Oil and Natural Gas Forecast: WTI, Brent Defend Support as Gas Holds Uptrend



What to Know

  • U.S. crude inventories remained near minimum operating levels, while refined product demand stayed firm amid ongoing economic activity.
  • WTI crude oil held support at $69.09, with technical traders watching the EMA 50 near $68.66 and the EMA 100 near $68.90 on the hourly chart.
  • Brent crude oil defended $72.63, while chart watchers tracked the EMA 50 near $72.01 and the EMA 100 near $72.24.
  • Natural gas futures continued to trade around $3.221, with the hourly EMA 50 near $3.225 and the EMA 100 near $3.222.
  • OPEC+ supply discipline remains an important oil market factor, while non-OPEC production, including U.S. shale, continues to add supply.
  • Summer gasoline demand and petrochemical feedstock use continue to support oil demand conditions.
  • U.S. dry natural gas production remains at record highs, supported by associated gas from oil production and non-associated natural gas wells.
  • Natural gas storage continues to build, with working inventories above historical averages and power-sector demand varying with weather.
  • Market participants are watching resistance near $70.11 to $71.21 for WTI, $74.87 to $76.09 for Brent, and $3.229 to $3.260 for natural gas.

Energy Markets Balance Supply Discipline and Resilient Demand

Energy markets are entering a closely watched stretch as crude oil and natural gas traders weigh disciplined supply management against resilient demand signals. U.S. crude inventories have remained close to minimum operating levels, a condition that keeps attention fixed on storage hubs, refinery activity and regional supply balances. At the same time, refined product demand has continued to reflect ongoing economic activity, with gasoline and petrochemical feedstock consumption helping to underpin the oil complex during the summer demand window.

The current backdrop is not defined by a single driver. OPEC+ supply discipline remains a major stabilizing force for oil prices, while higher output from non-OPEC producers, including U.S. shale, continues to add barrels into the global system. That combination has created a market in which traders are monitoring both the effectiveness of production restraint and the pace of supply growth outside the producer group. Crude stock changes have remained broadly consistent with demand conditions at regional storage areas, while refined product inventory changes continue to provide clues about end-user consumption.

For natural gas, the story is different but equally supply-focused. U.S. dry natural gas production continues to set record highs, with higher oil production contributing additional associated gas and non-associated wells also adding volumes. U.S. LNG export demand remains another important channel for absorbing supply, though storage levels are still building and working inventories remain above historical averages. Weather-sensitive power demand remains a variable, leaving natural gas prices exposed to shifts in cooling needs while the supply base remains robust enough to satisfy domestic and export demand.

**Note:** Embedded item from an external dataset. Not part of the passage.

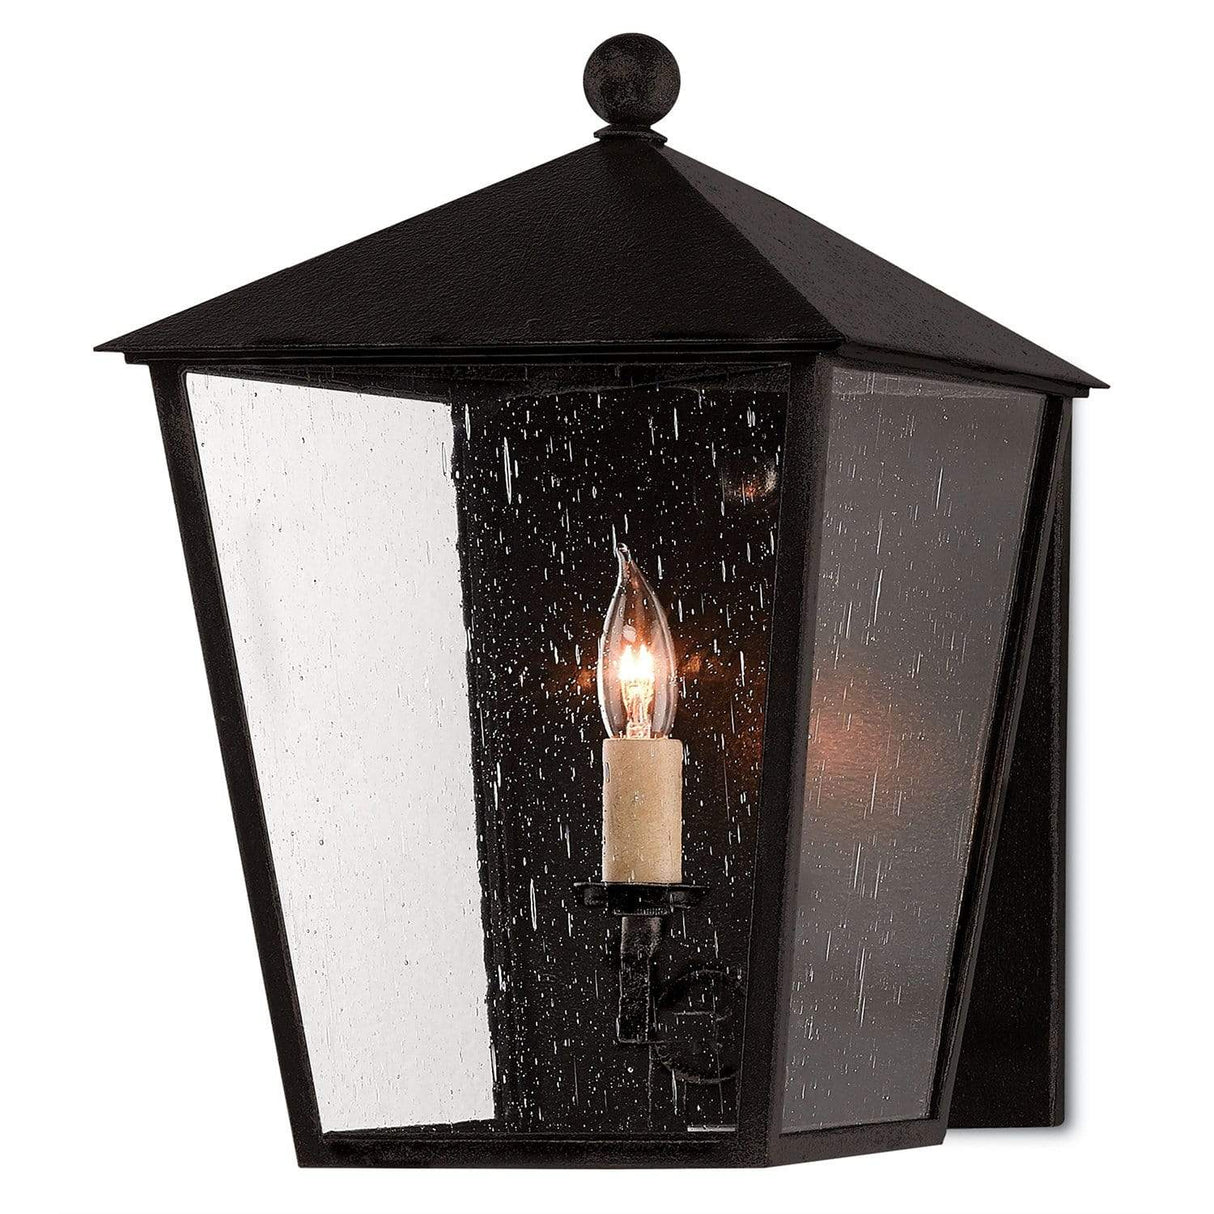 Currey and Company Bening Outdoor Wall Sconce Lighting currey-co-5500-0012

Natural Gas Holds $3.221 as Buyers Defend Pullbacks

Natural gas futures are trading around $3.221 on the hourly NYMEX chart, maintaining a constructive short-term structure while testing a cluster of moving averages. The EMA 50 near $3.225 has continued to act as an important reference point, while rejection around the EMA 100 near $3.222 has kept the market in a tight technical zone. Price action has included a mix of green and red candles, suggesting a market that is still searching for direction but has not surrendered its recent upward channel.

Technical traders are paying close attention to the bullish rejection wicks from the $3.099 low. Those wicks suggest that buyers have been active on pullbacks, preventing a deeper breakdown and keeping higher-low behavior in place. The RSI is holding near 46, which points to neutral momentum rather than a strongly directional move. That neutral reading matters because it leaves room for either renewed upside if resistance breaks or a deeper consolidation if buyers lose control of support.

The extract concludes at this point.